Given records Start Marker

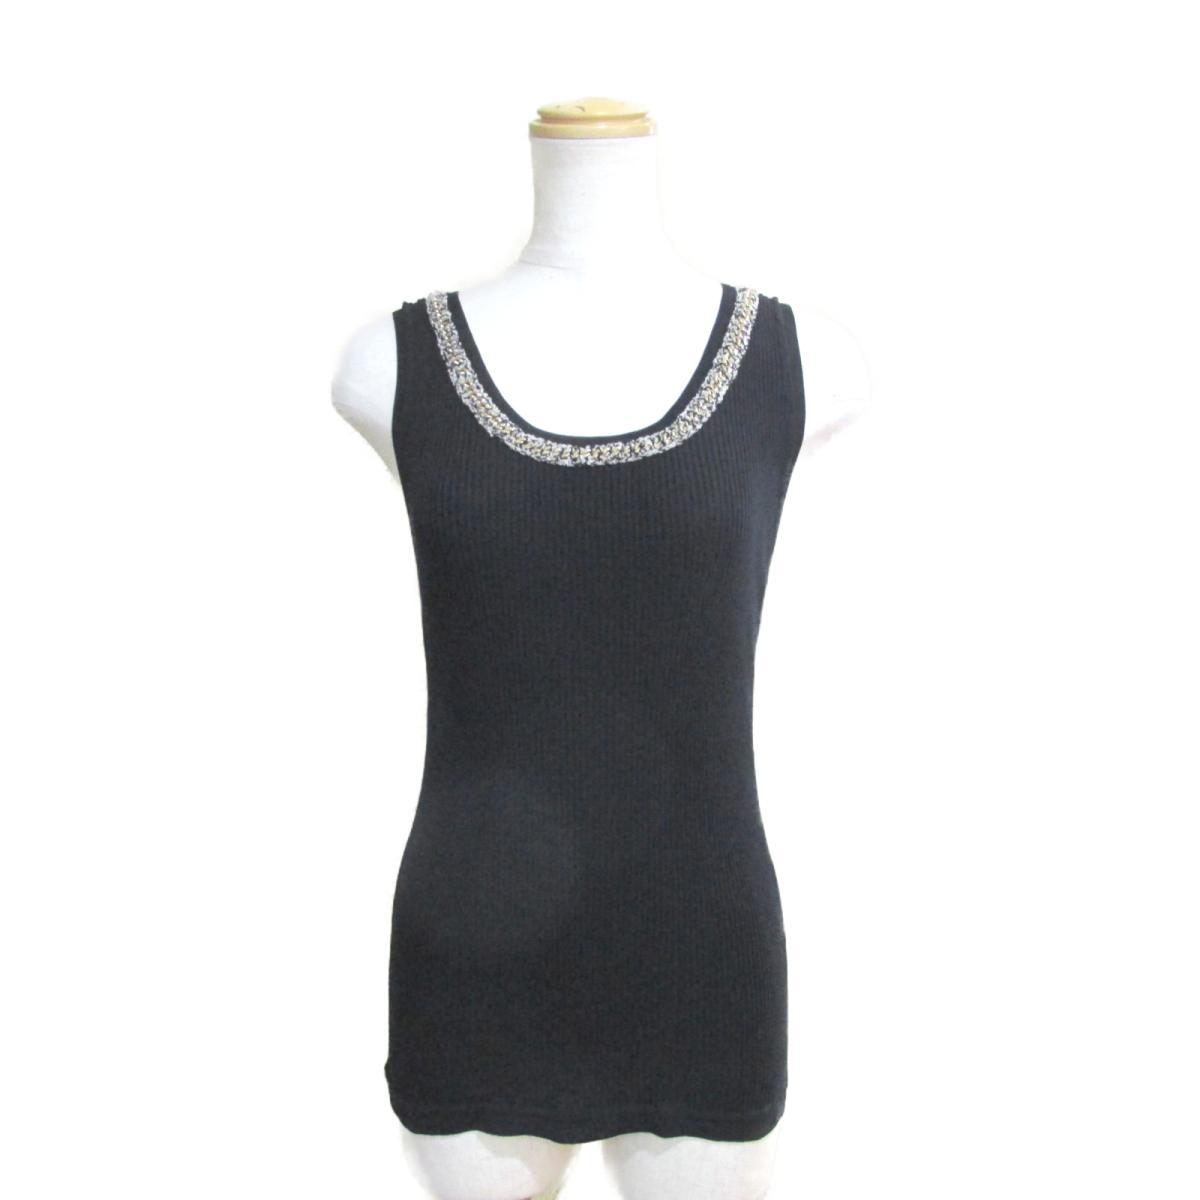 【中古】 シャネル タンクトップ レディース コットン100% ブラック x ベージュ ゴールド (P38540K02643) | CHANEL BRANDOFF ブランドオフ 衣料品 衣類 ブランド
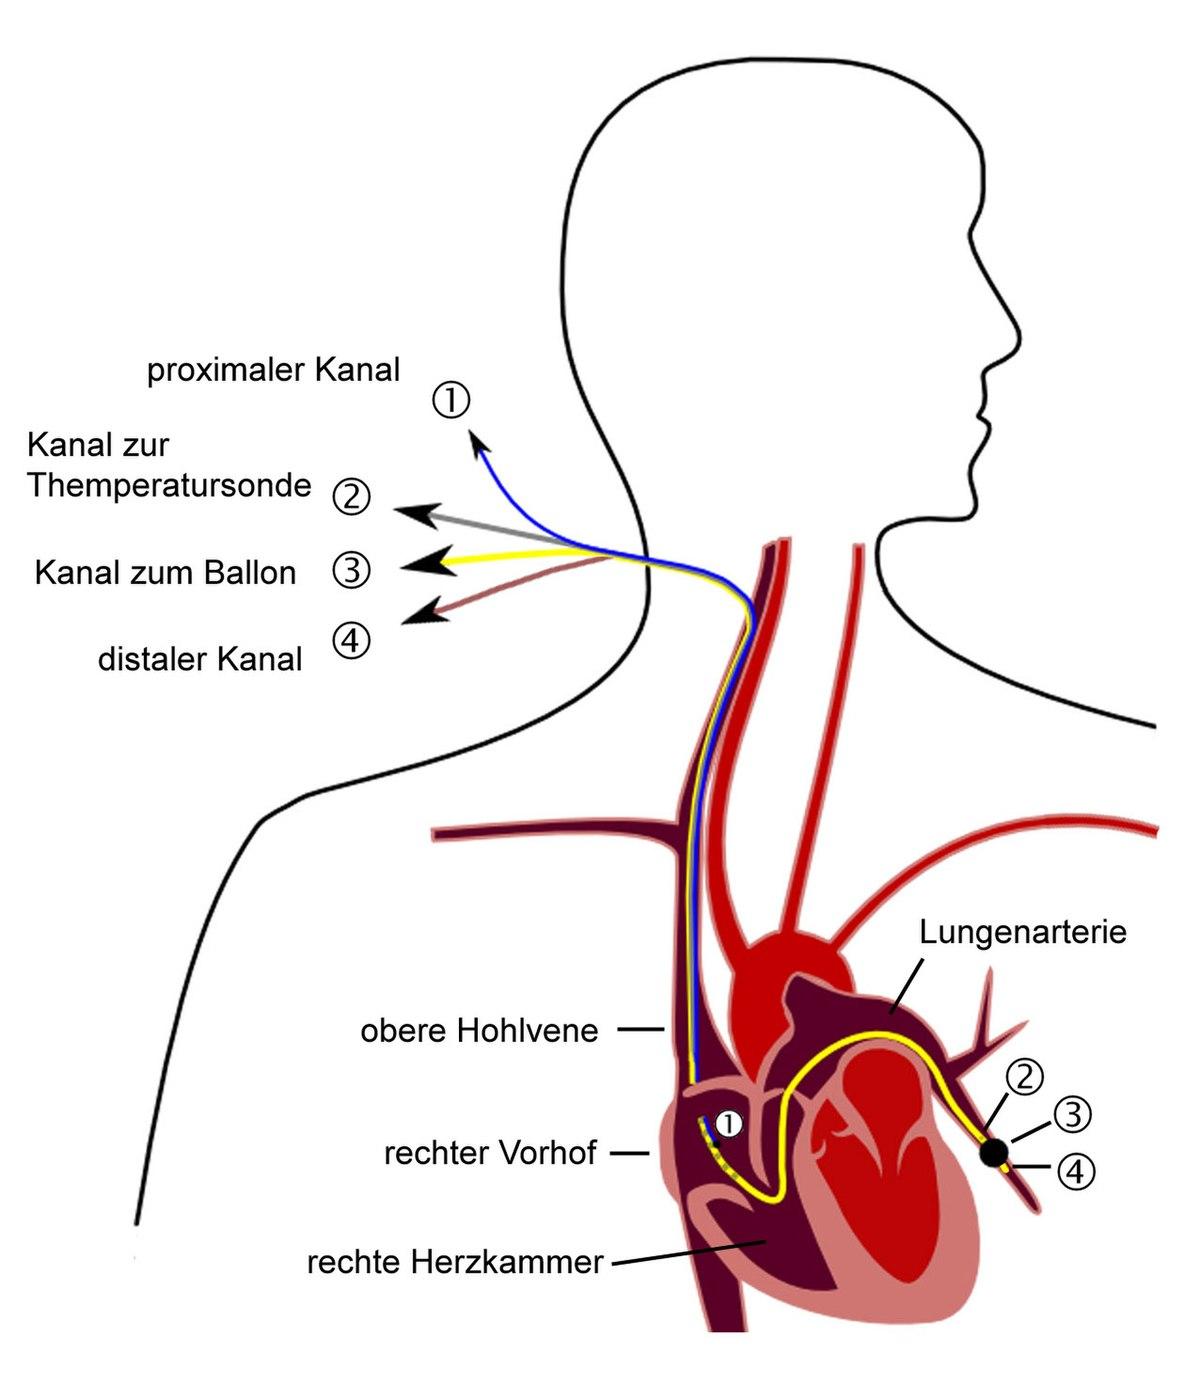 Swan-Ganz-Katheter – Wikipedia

Given records End Marker
Given records Start Marker

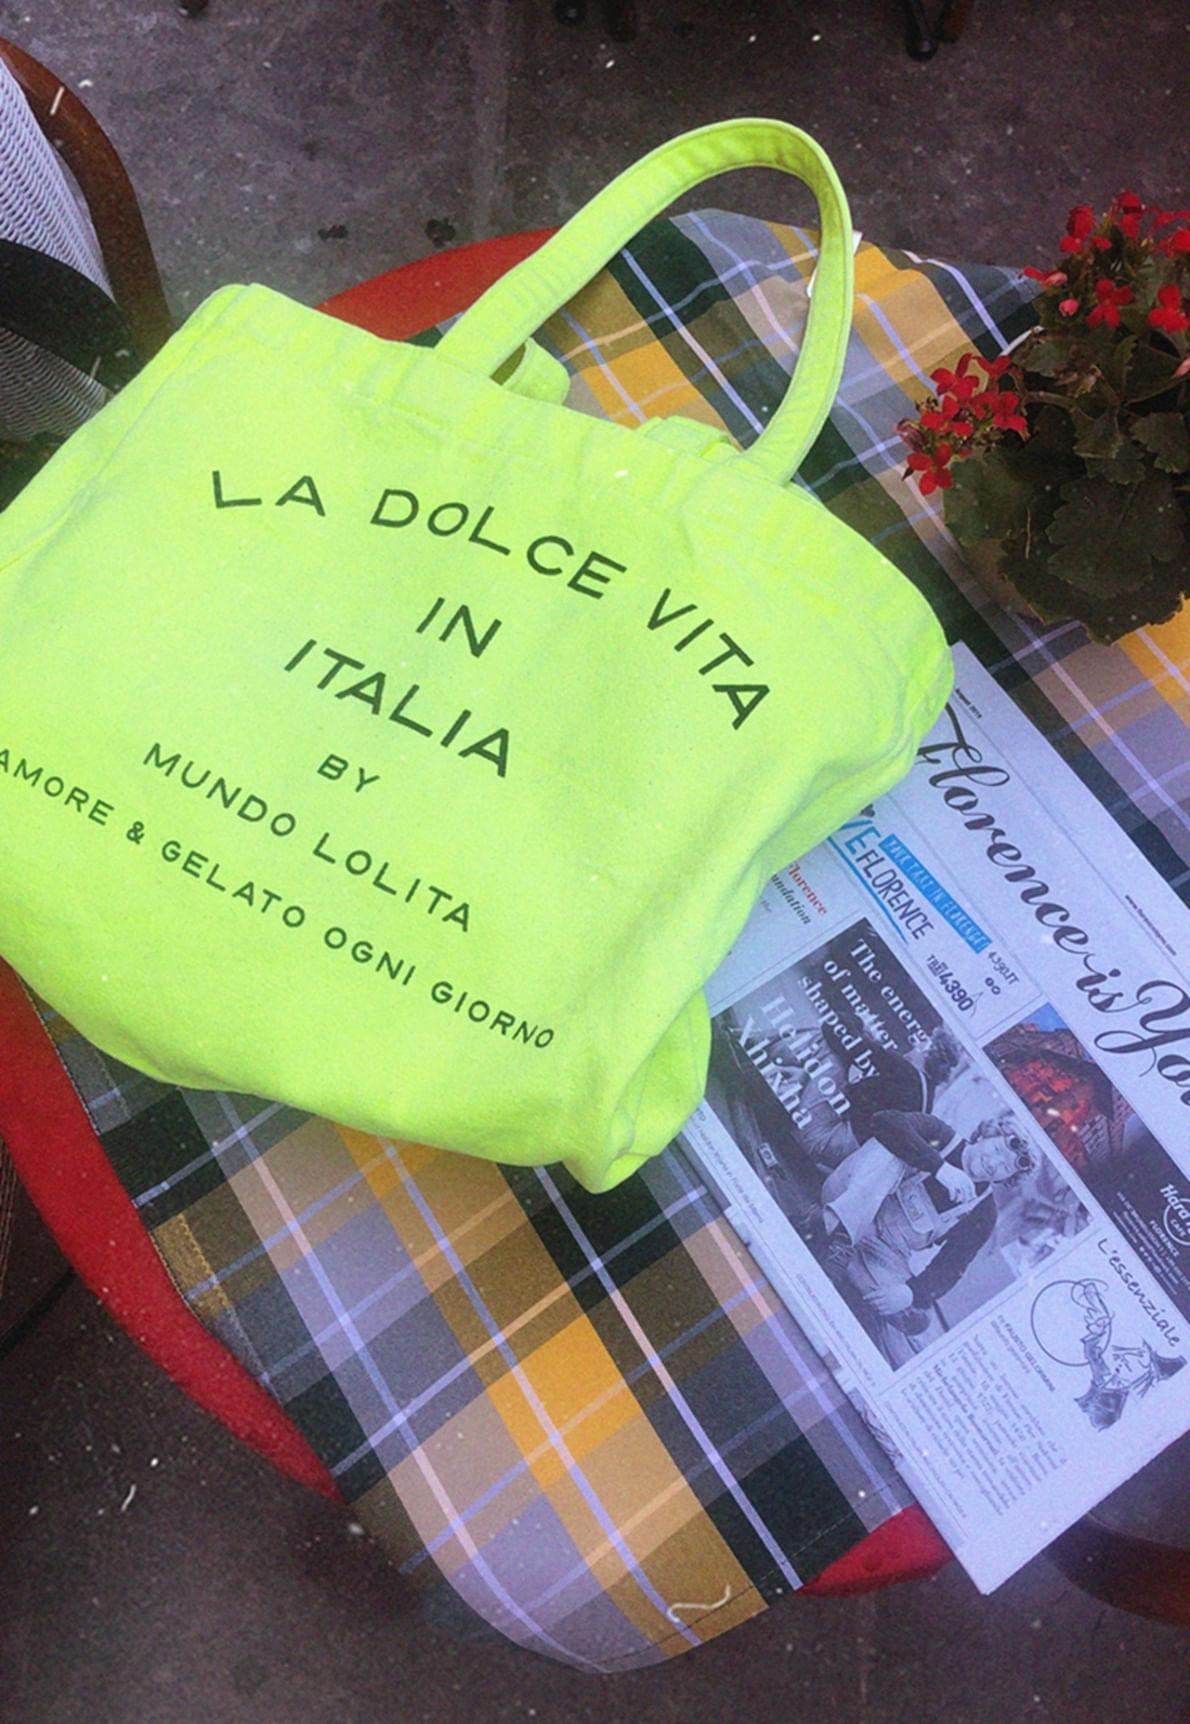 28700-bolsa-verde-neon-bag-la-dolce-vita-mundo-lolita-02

Given records End Marker
Given records Start Marker

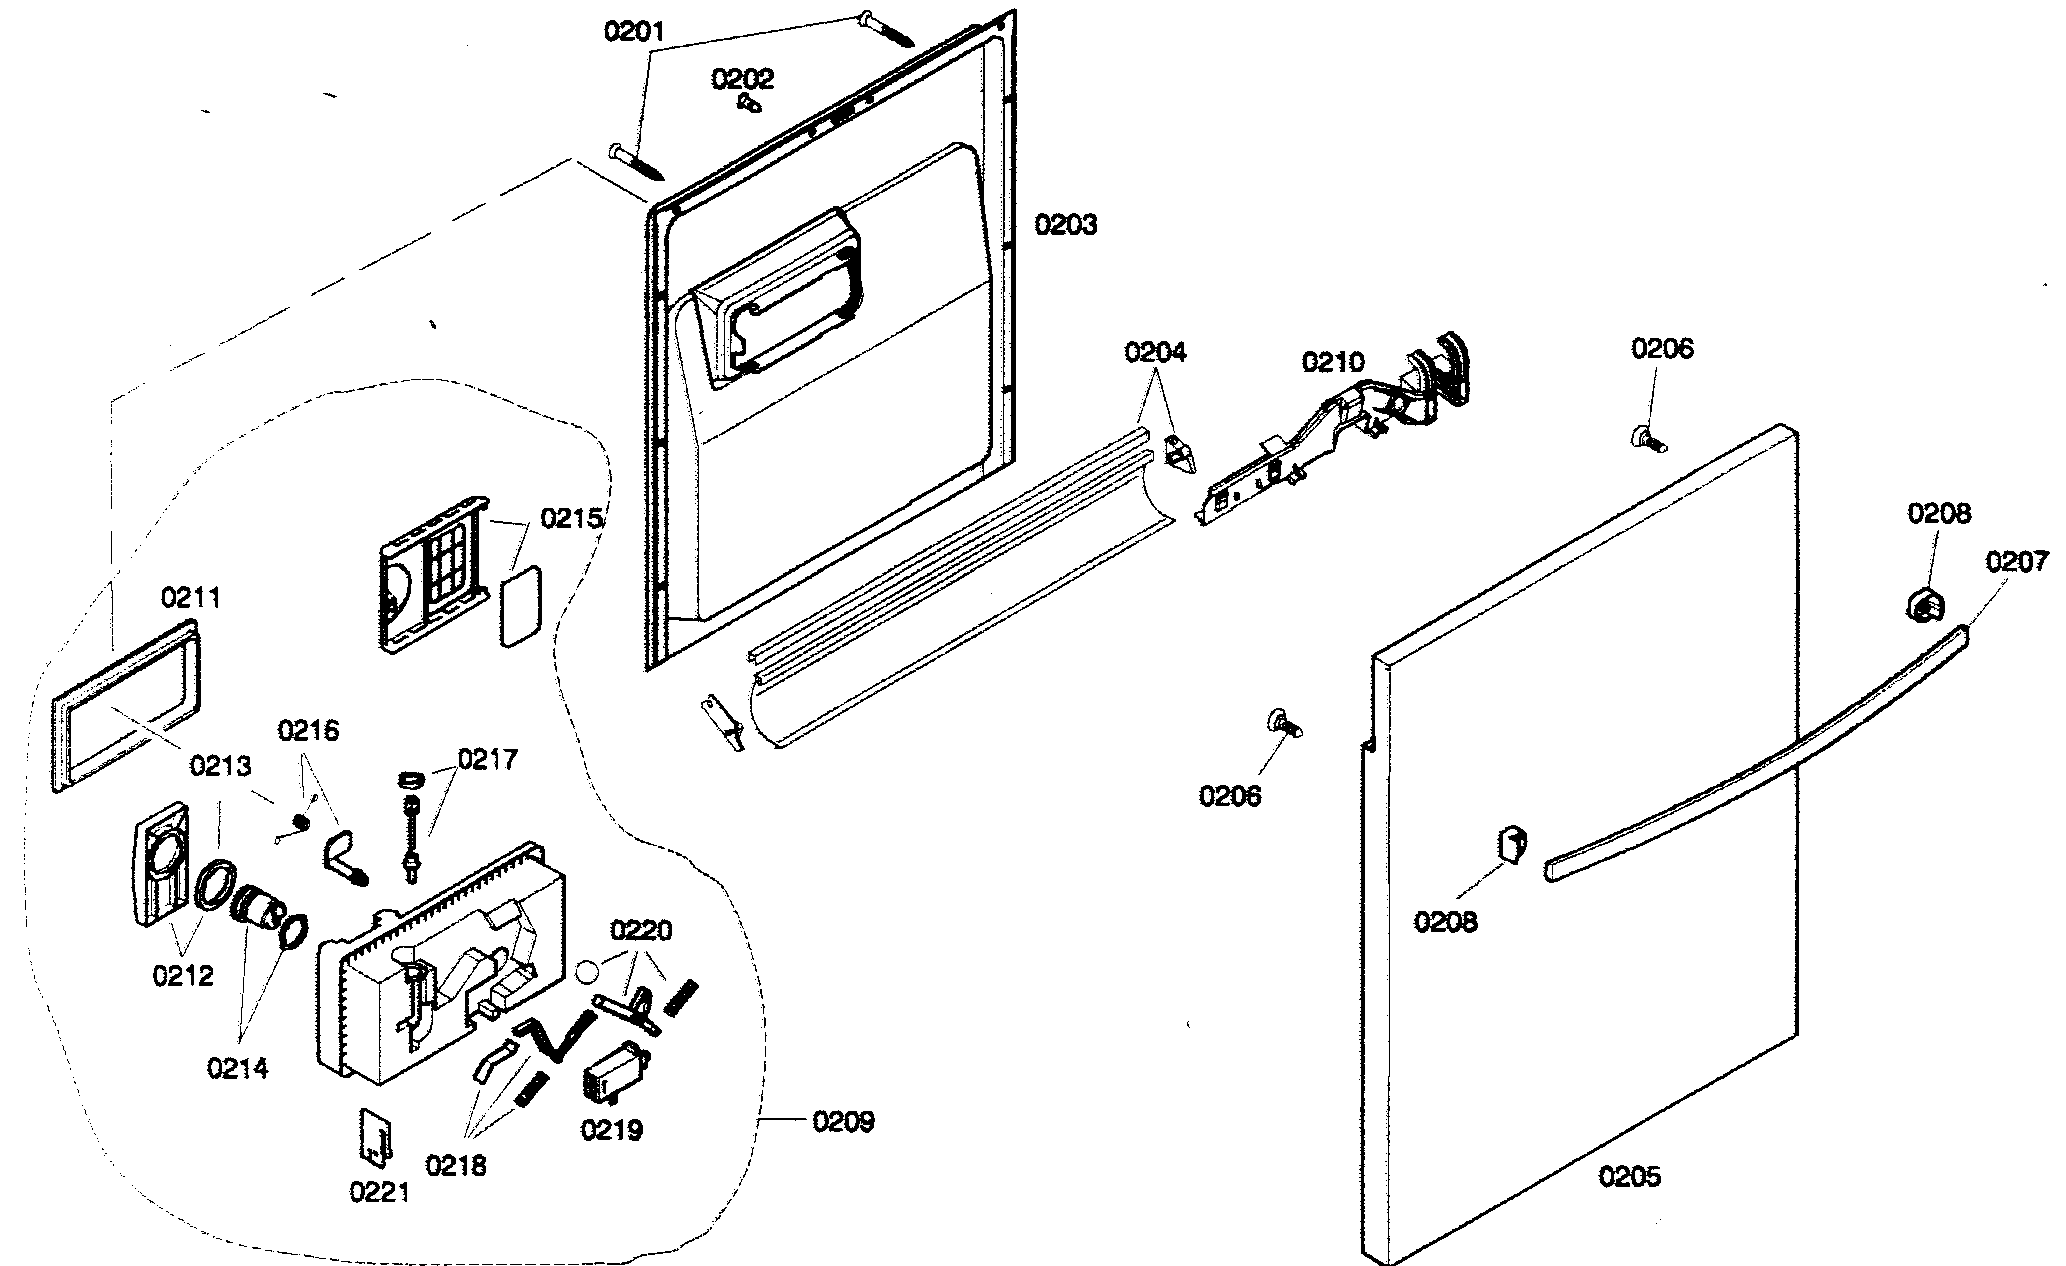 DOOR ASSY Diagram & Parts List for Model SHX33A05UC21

Given records End Marker

Using the records above, print exactly the lines between the ones containing "衣料品 衣類 ブランド" and "Swan-Ganz-Katheter – Wikipedia", inclusive, and nothing else; no pictures.

 【中古】 シャネル タンクトップ レディース コットン100% ブラック x ベージュ ゴールド (P38540K02643) | CHANEL BRANDOFF ブランドオフ 衣料品 衣類 ブランド
 Swan-Ganz-Katheter – Wikipedia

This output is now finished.